According to Gov. Abbott, based on an opinion from the Office of the Attorney General, all licensed health professionals and teachers in Texas are required to “report” any trans youth with whom they have been in “direct contact” who have undergone “sex change” procedures or hormone therapies. 

He said DFPS and all other state agencies must follow the law as explained by the OAG “to protect Texas children from abuse.” Those who fail to do so could face criminal penalties.

“It is already against the law to subject Texas children to a wide variety of elective procedures for gender transitioning, including reassignment surgeries that can cause sterilization, mastectomies, removals of otherwise healthy body parts, and administration of puberty-blocking drugs or supraphysiologic doses of testosterone or estrogen,” Abbott said. 

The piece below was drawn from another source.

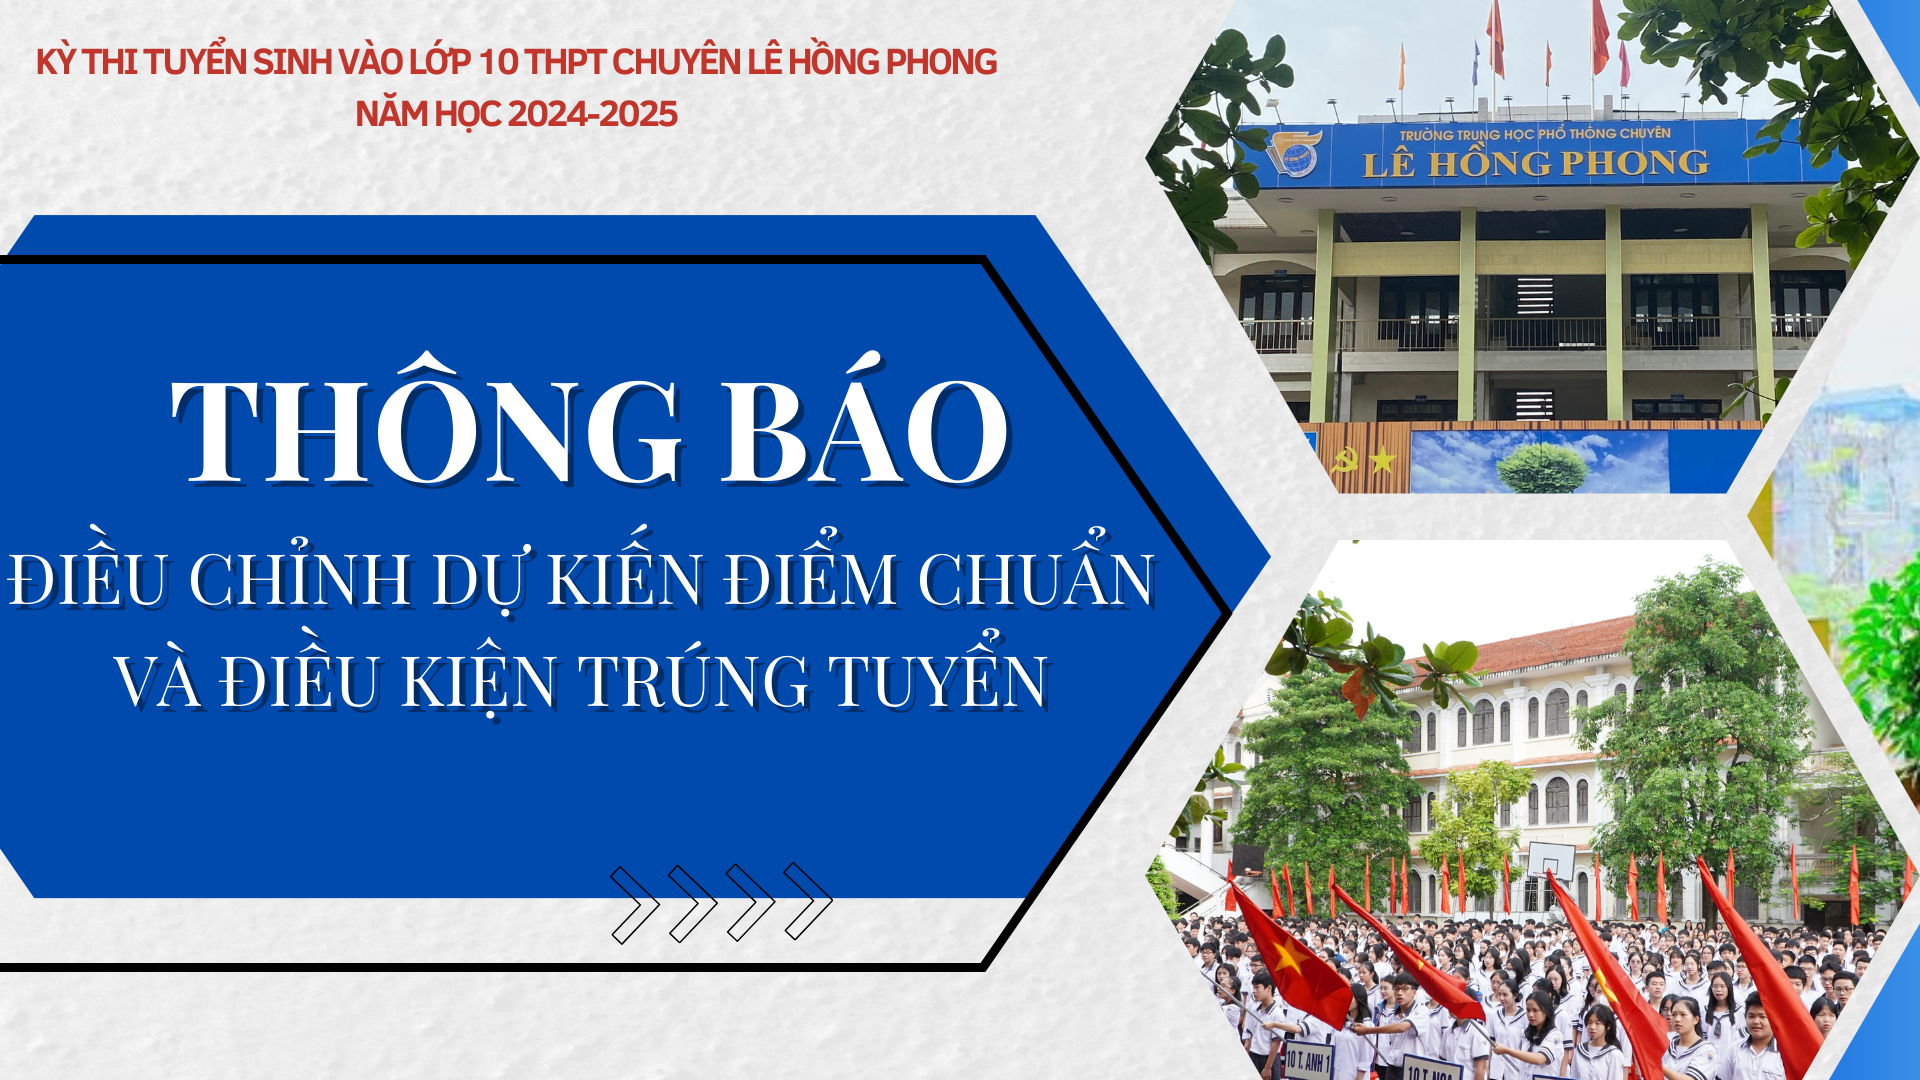 Thông báo Điều chỉnh dự kiến điểm chuẩn và Điều kiện trúng tuyển kì thi tuyển sinh vào lớp 10 trường THPT chuyên Lê Hồng Phong năm học 2024-2025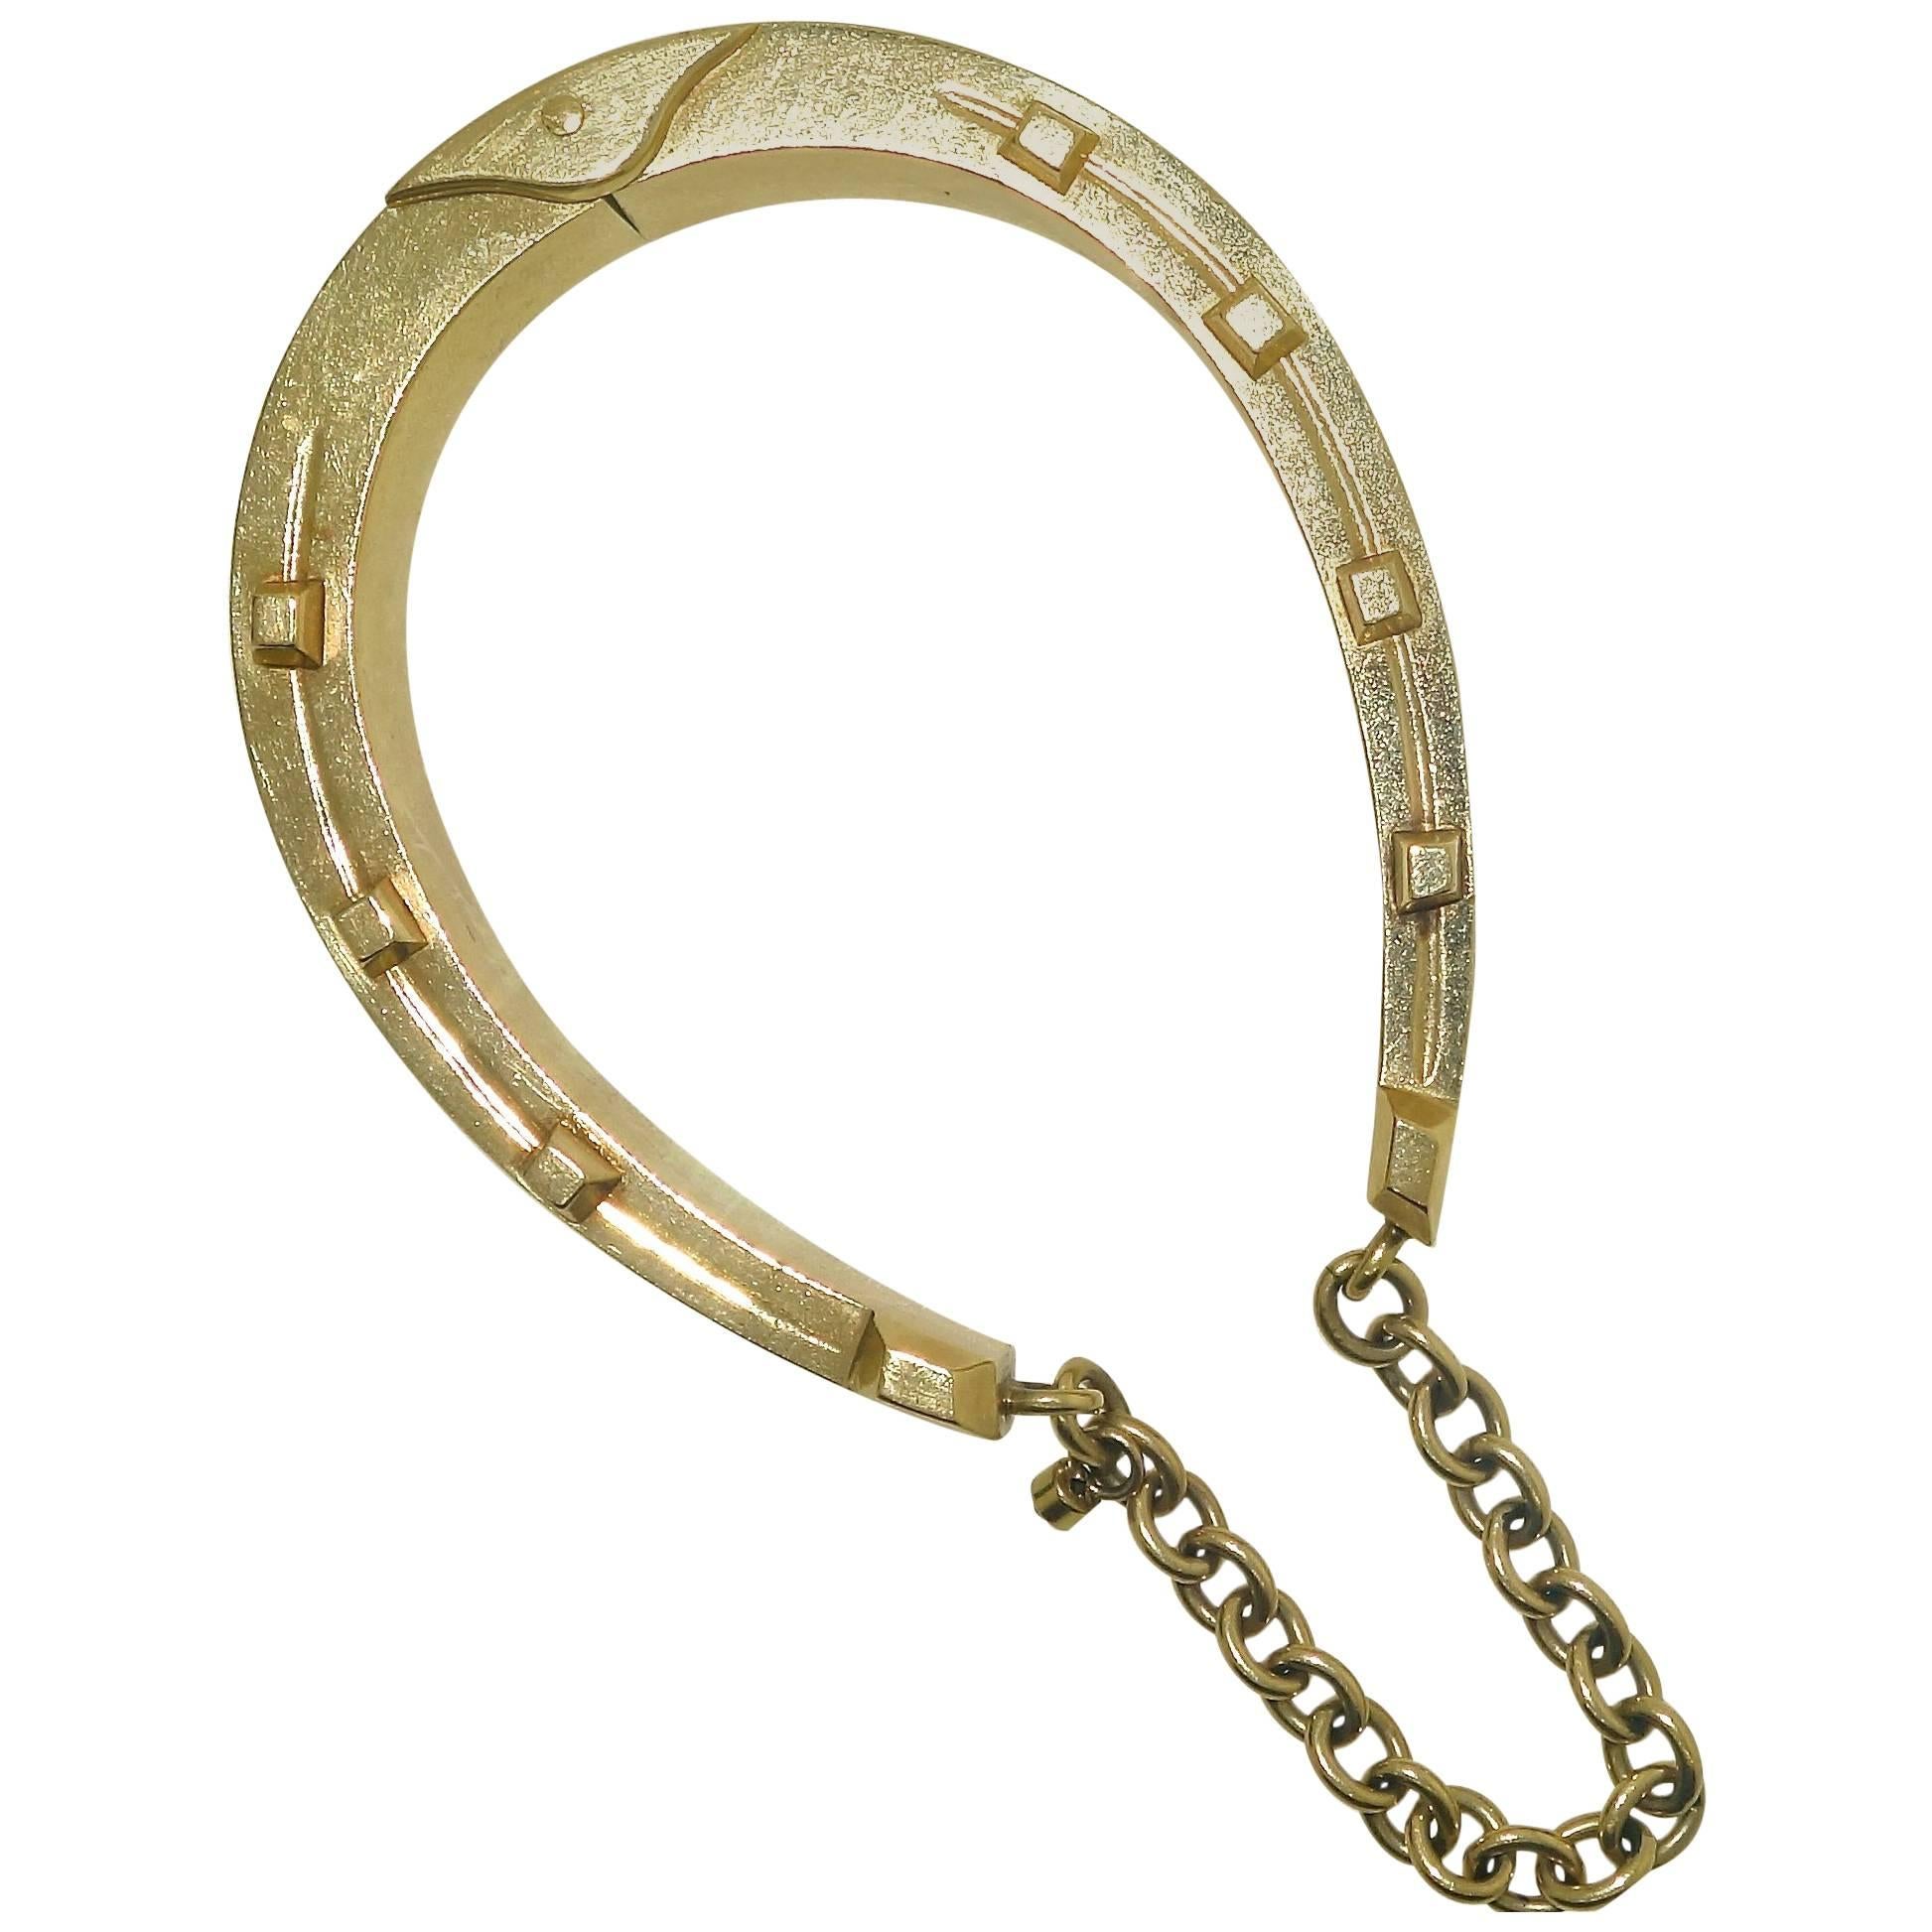 Antique Gold Horse-Shoe Motif Bracelet.

“Texas law imposes reporting requirements upon all licensed professionals who have direct contact with children who may be subject to such abuse, including doctors, nurses, and teachers, and provides criminal penalties for failure to report such child abuse. There are similar reporting requirements and criminal penalties for members of the general public.”

Queer advocates say first and foremost, it's important for queer families to remember that attorney general opinions do not carry the weight of law.

The American Civil Liberties Union of Texas and other trans and human rights groups decried Abbott's letter, immediately issuing statements outlining the dangers of the policy, and reassuring the public that no laws have changed.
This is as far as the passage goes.